Cell History: row 42, column 'income'
  Current value: 45000.0
  [i] Was null at step 1 (later recovered)
      by: DataFrame.fillna

  History (1 change):
    None -> 45000.0
      by: DataFrame.fillna

The WhyResult Object¶

why = tp.why(df, col="income", row=0)

# Access fields
why.column           # str: column name
why.row_id           # int: internal row ID
why.current_value    # any: current cell value
why.history          # list[CellChange]: all changes

# Flags
why.was_null         # bool: was ever null
why.null_recovered   # bool: null was later filled

# Export
why.to_dict()        # dict representation

Cell Change Records¶

Each change in history contains:

for change in why.history:
    print(f"From: {change.old_value}")
    print(f"To: {change.new_value}")
    print(f"By: {change.operation}")
    print(f"At step: {change.step}")

Requirements¶

Debug Mode Required

tp.why() requires debug mode with the column being watched:

tp.enable(mode="debug", watch=["income", "status"])

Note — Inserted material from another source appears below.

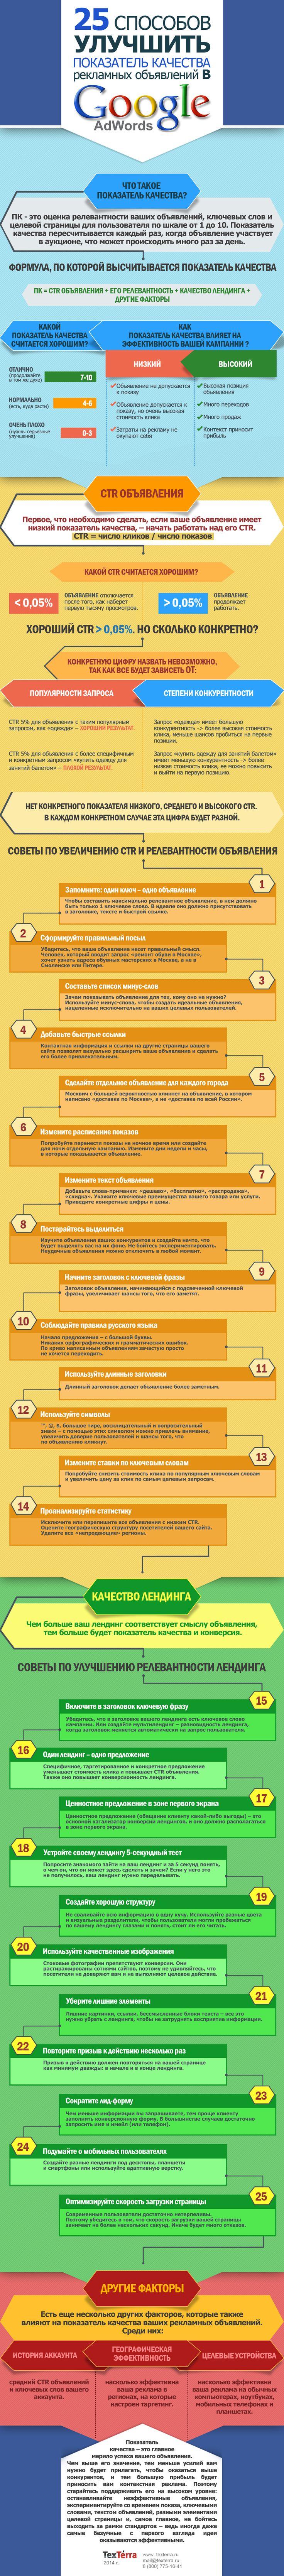 Инфографика: 25 способов улучшить показатель качества рекламных объявлений в Google Adwords
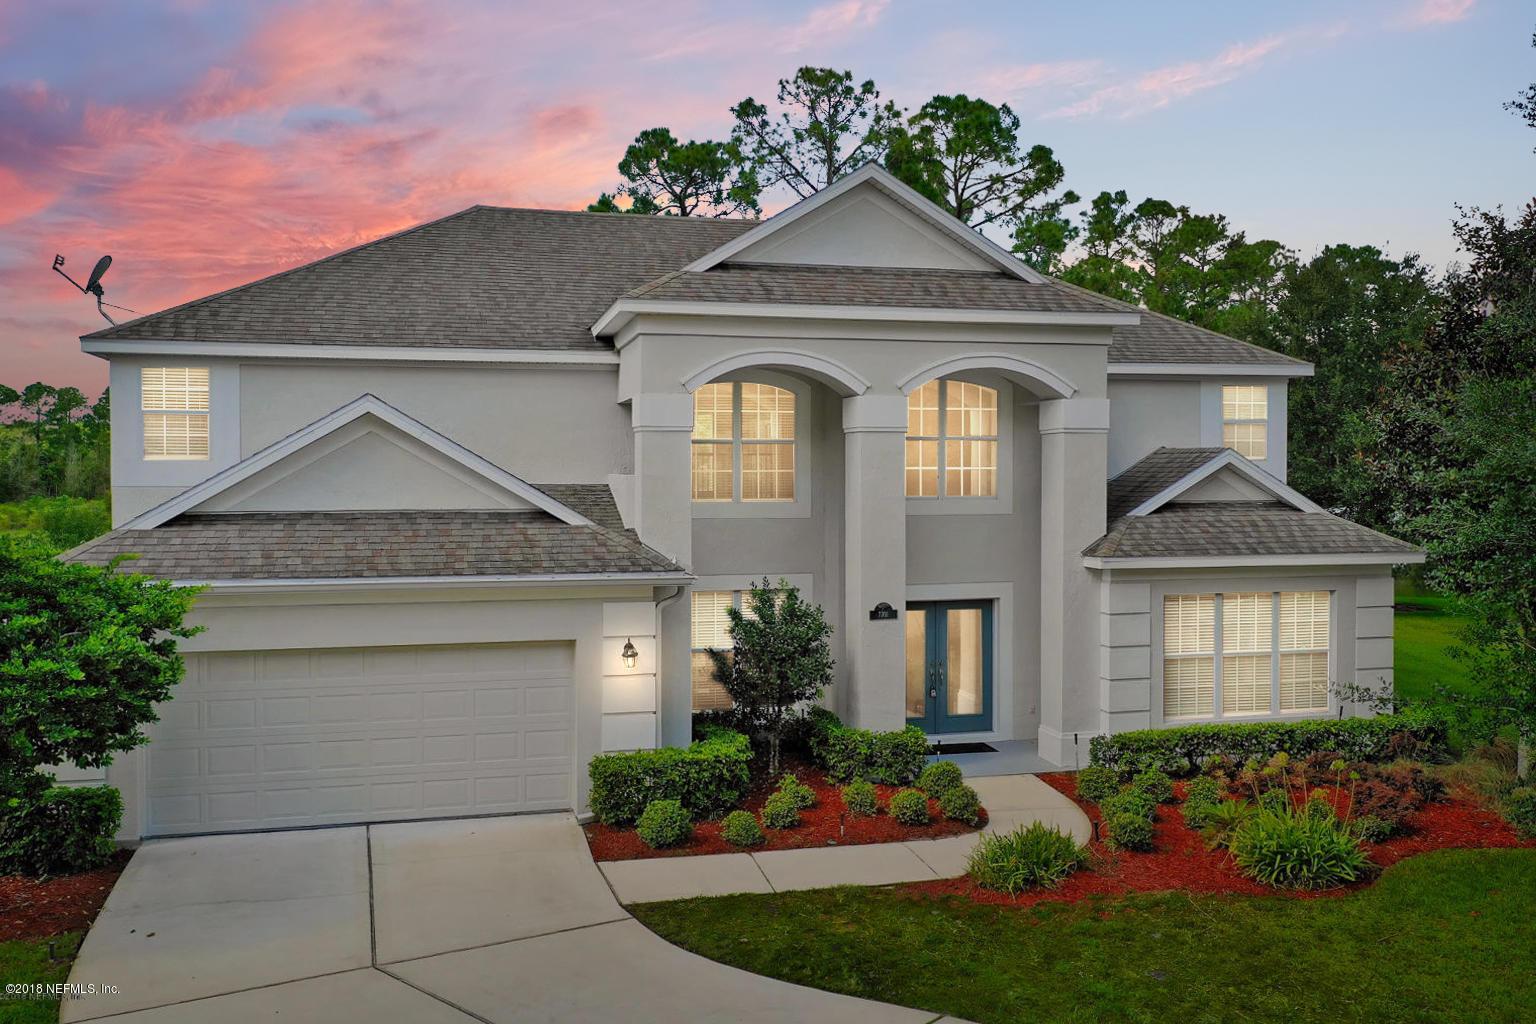 7701 WATERMARK, JACKSONVILLE, FLORIDA 32256, 5 Bedrooms Bedrooms, ,3 BathroomsBathrooms,Residential - single family,For sale,WATERMARK,962956

Columns not in watch will not have cell history.

Common Use Cases¶

Finding Null Introduction¶

# Where did this null come from?
why = tp.why(df, col="email", where={"email": None})

if why.was_null:
    print("This cell was null from the start")
else:
    # Find which operation set it to null
    for change in why.history:
        if change.new_value is None:
            print(f"Null introduced by: {change.operation}")

Tracking Value Changes¶

# How did this price get so high?
why = tp.why(df, col="price", row=0)

for change in why.history:
    pct_change = (change.new_value - change.old_value) / change.old_value * 100
    print(f"{change.operation}: {pct_change:+.1f}%")

Auditing Sensitive Fields¶

# Who touched the salary column?
for idx in range(len(df)):
    why = tp.why(df, col="salary", row=idx)
    if why.history:
        print(f"Row {idx}: {len(why.history)} changes")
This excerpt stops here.